Гойя быстро оформил документы и отправился в путь. Разумеется, никакие целебные воды его не привлекали и не они были целью его отъезда за границу. Он позволил себе несколько месяцев пробыть в Париже, осматривая там с помощью испанских друзей достопримечательности и художественные сокровища французской столицы.
Затем он обосновался в Бордо. Его окружали те самые люди, которое составили его семью в последние десять лет его жизни. С ним была Леокадия, а Мария Росарио продолжала радовать и удивлять своего приемного (а может быть, и биологического) отца. Она вырастала в умную и смышленую девочку, а долгое уединение в «Усадьбе глухого» не помешало ей оказаться общительным, светлым существом. Вокруг нее теперь были французские сверстницы, школьные подруги из Бордо, и старый художник с радостным удивлением обнаружил, что в его доме мелькают детские лица, раздается беззаботная французская речь, много смеются и вообще хорошо. (Я бы добавил, что для старого мастера было хорошо еще и то, что он не видел в своем французском доме последних лет тех «Черных картин», которые окружали его в мадридском доме. Все-таки психику следует по возможности беречь. И не для того, чтобы быть как все, а для того, чтобы нарисовать, написать, придумать что-нибудь в нашем художественном деле.)
Он не был экспатриантом, ему не был закрыт путь в Испанию, и он приезжал в столицу по своим делам, связанным с получением пенсии и с оформлением недвижимости, но не сделал за четыре последних года жизни, проведенных во Франции, ни единой попытки вернуться в Мадрид надолго, тем более навсегда. Испанскому художнику нечего было делать в Мадриде в эти годы.
В Бордо Гойя работал спокойно и размеренно, стараясь, наверное, преодолеть и изжить те душевные травмы, которые сопровождали его в последние полтора десятка лет. Он снова делает гравюры со сценами корриды — тем более что это зрелище было доступно жителям южнофранцузского города. Пишутся портреты друзей и собратьев по эмиграции. Живопись этих портретов успокаивается, это нормальная хорошая живопись типичного романтика того времени. Те безумства и выбросы вулканических энергий, которые налицо в предыдущих произведениях, более не актуальны.
Самая известная картина эмигрантских лет называется «Молочница из Бордо». Эта жанровая фигура цветущей и уверенной в себе женщины — как бы продолжение той серии великолепных испанок, которая была написана почти за двадцать лет до того, в предчувствии войны и национальной трагедии.
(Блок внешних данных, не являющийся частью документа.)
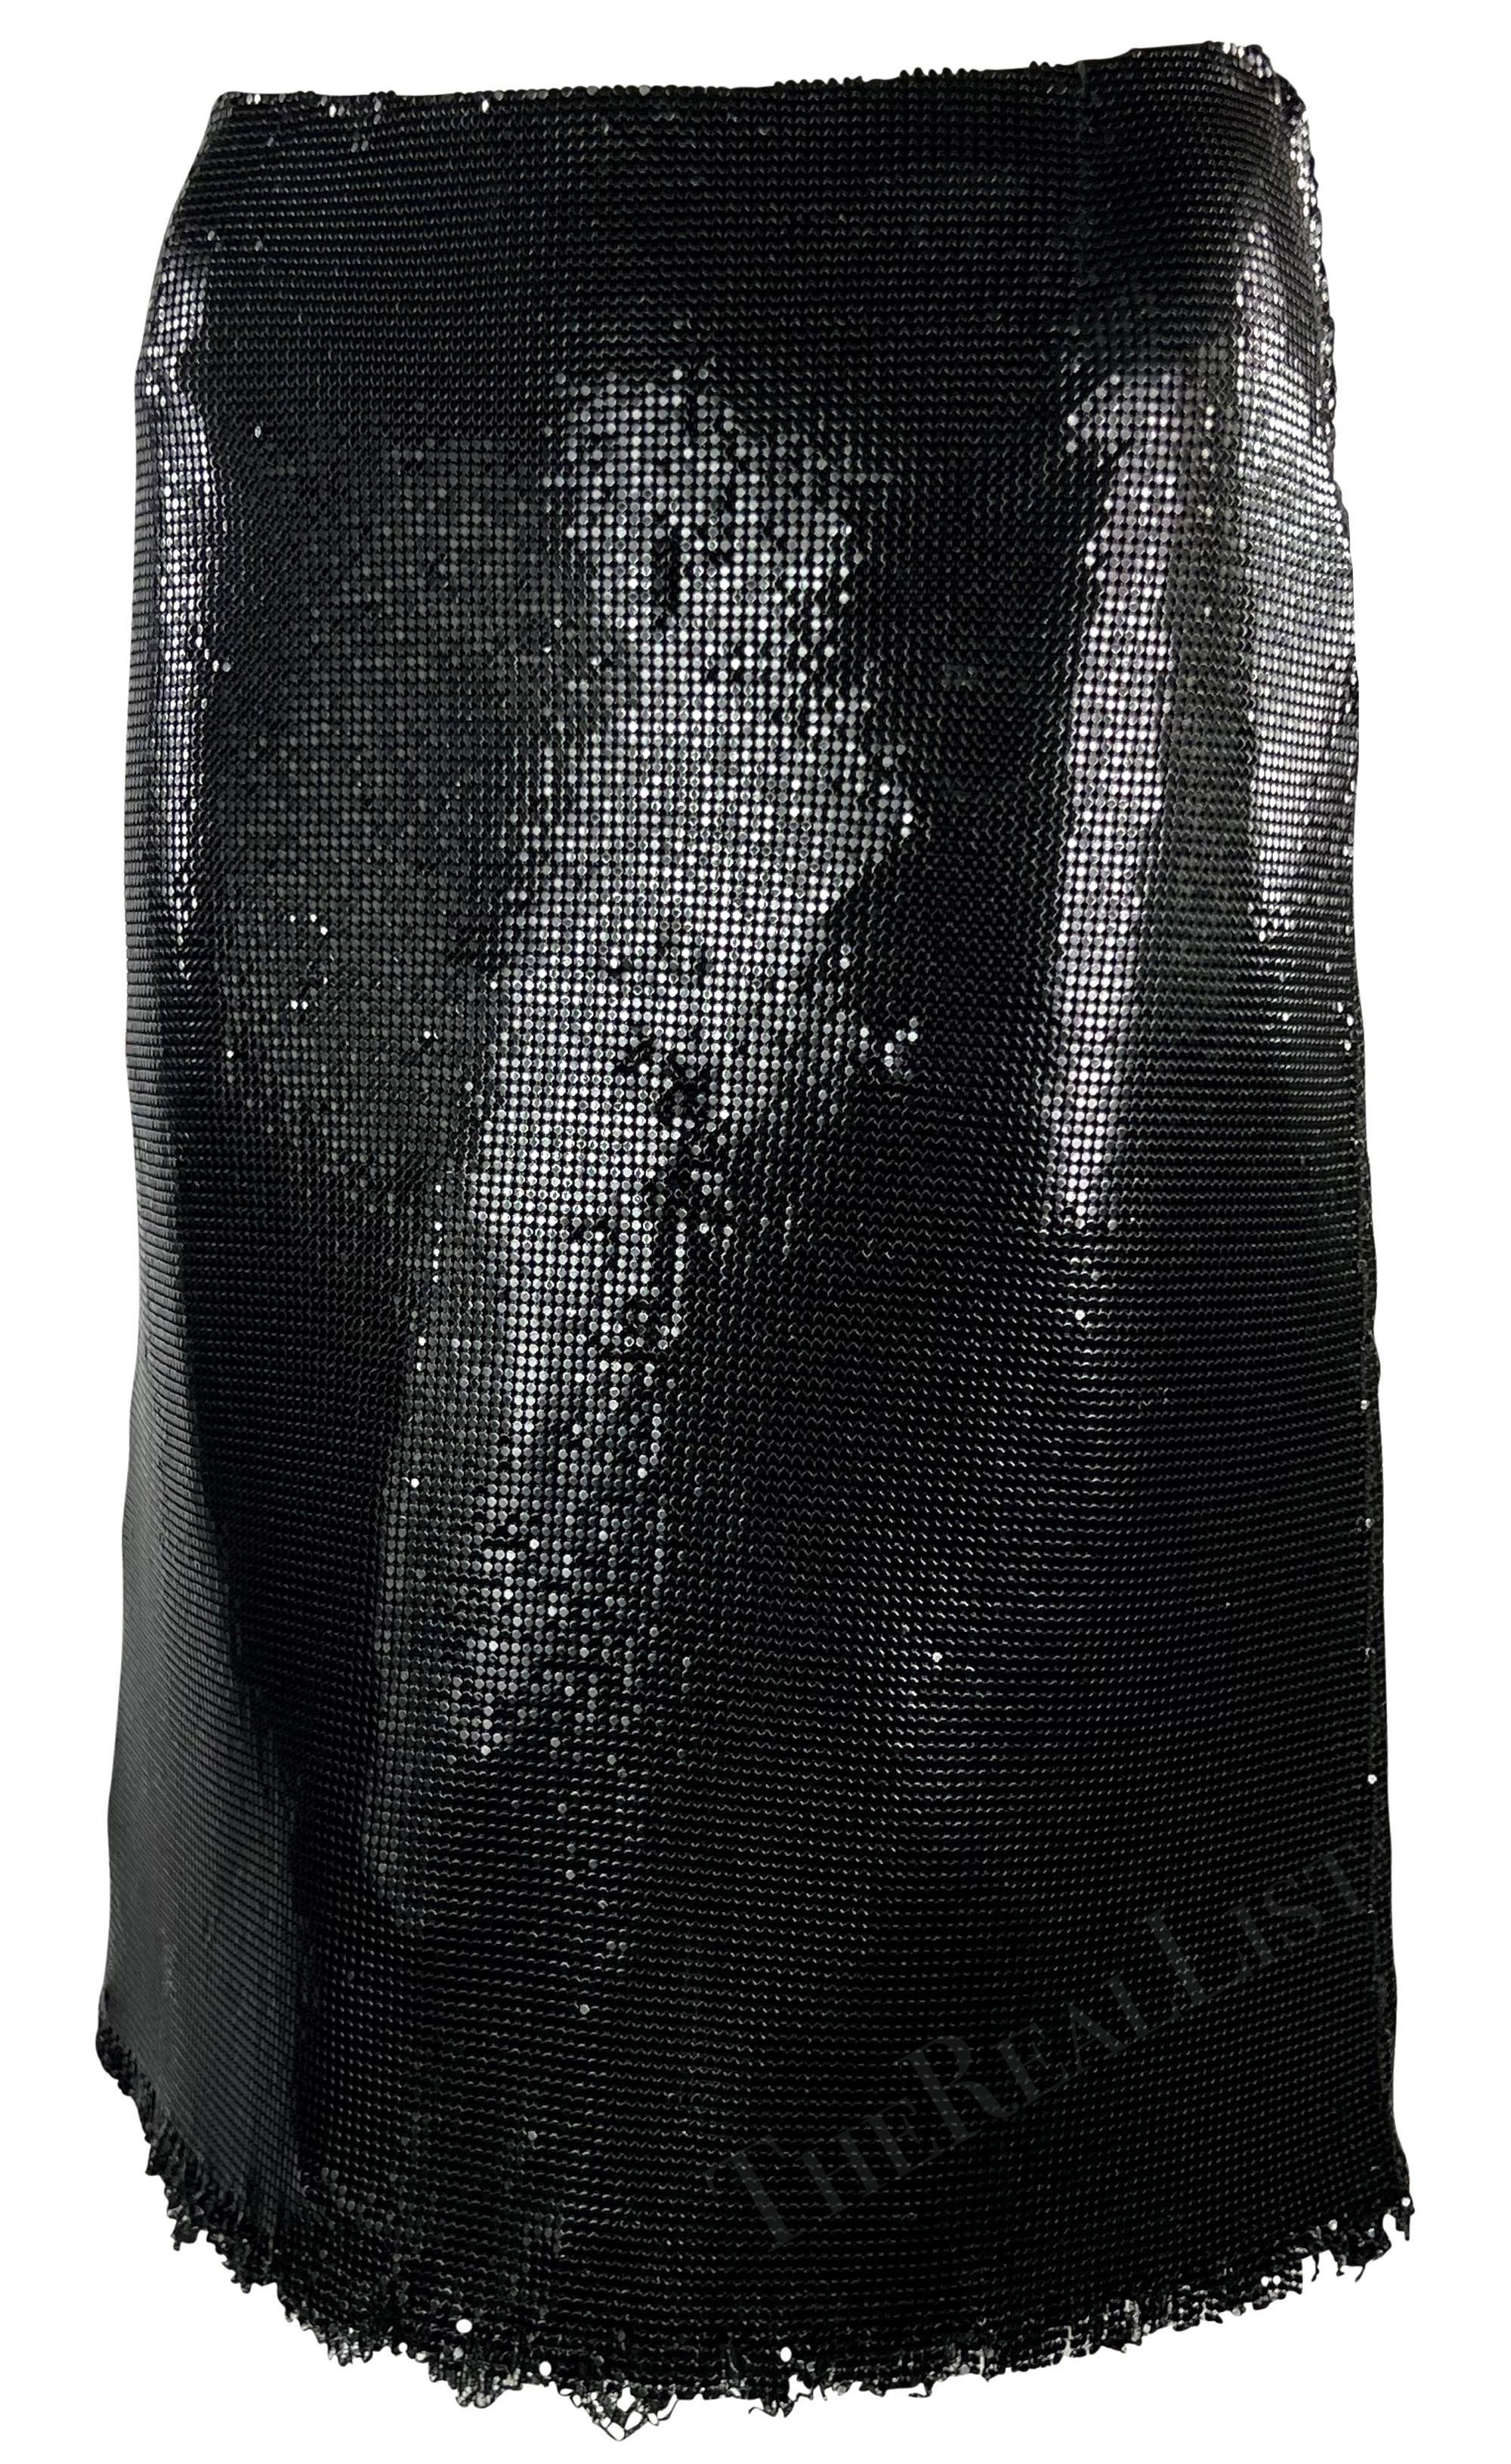 Constructed entirely of shimmery black Oroton chain mail, this Gianni Versace skirt was designed by Donatella Versace for the Fall/Winter 1999 collection. Featuring an a-line silhouette, this fabulous skirt is made complete with a lightly fringed

Скорее всего, Гойя решил еще раз подтвердить свое преклонение и свой восторг перед той силой жизни, которая не отступает и не робеет перед большими испытаниями и которая, по большому счету, не желает знать о «текущем моменте». Монархия ли, республика ли на дворе; имеется конституция или нет; как обстоит дело с религией, атеизмом, патриотизмом, культом народа или презрением к народу — все эти моменты неинтересны. Жизнь хочет жить. Женская фигура вырисовывается перед глазами зрителя, как сгусток жизненных сил. Жизненный порыв не знает памяти и не заботится о нравственности. Неужели художник хочет забыть о тех непрощенных и неискупленных жертвах, о подвигах и зверствах, которые стояли у него перед глазами в годы войны и преобразились затем в мучительных видениях «Черных картин»?
Отвечу вопросом на вопрос. Как можно было жить с тем жизненным опытом, которым обладал Гойя в преддверии своего восьмидесятилетия, и не превратиться в маньяка, в гениального и опасного визионера адских сцен? Способ только один. Надо было попытаться написать картину вроде «Молочницы из Бордо». Он так и сделал.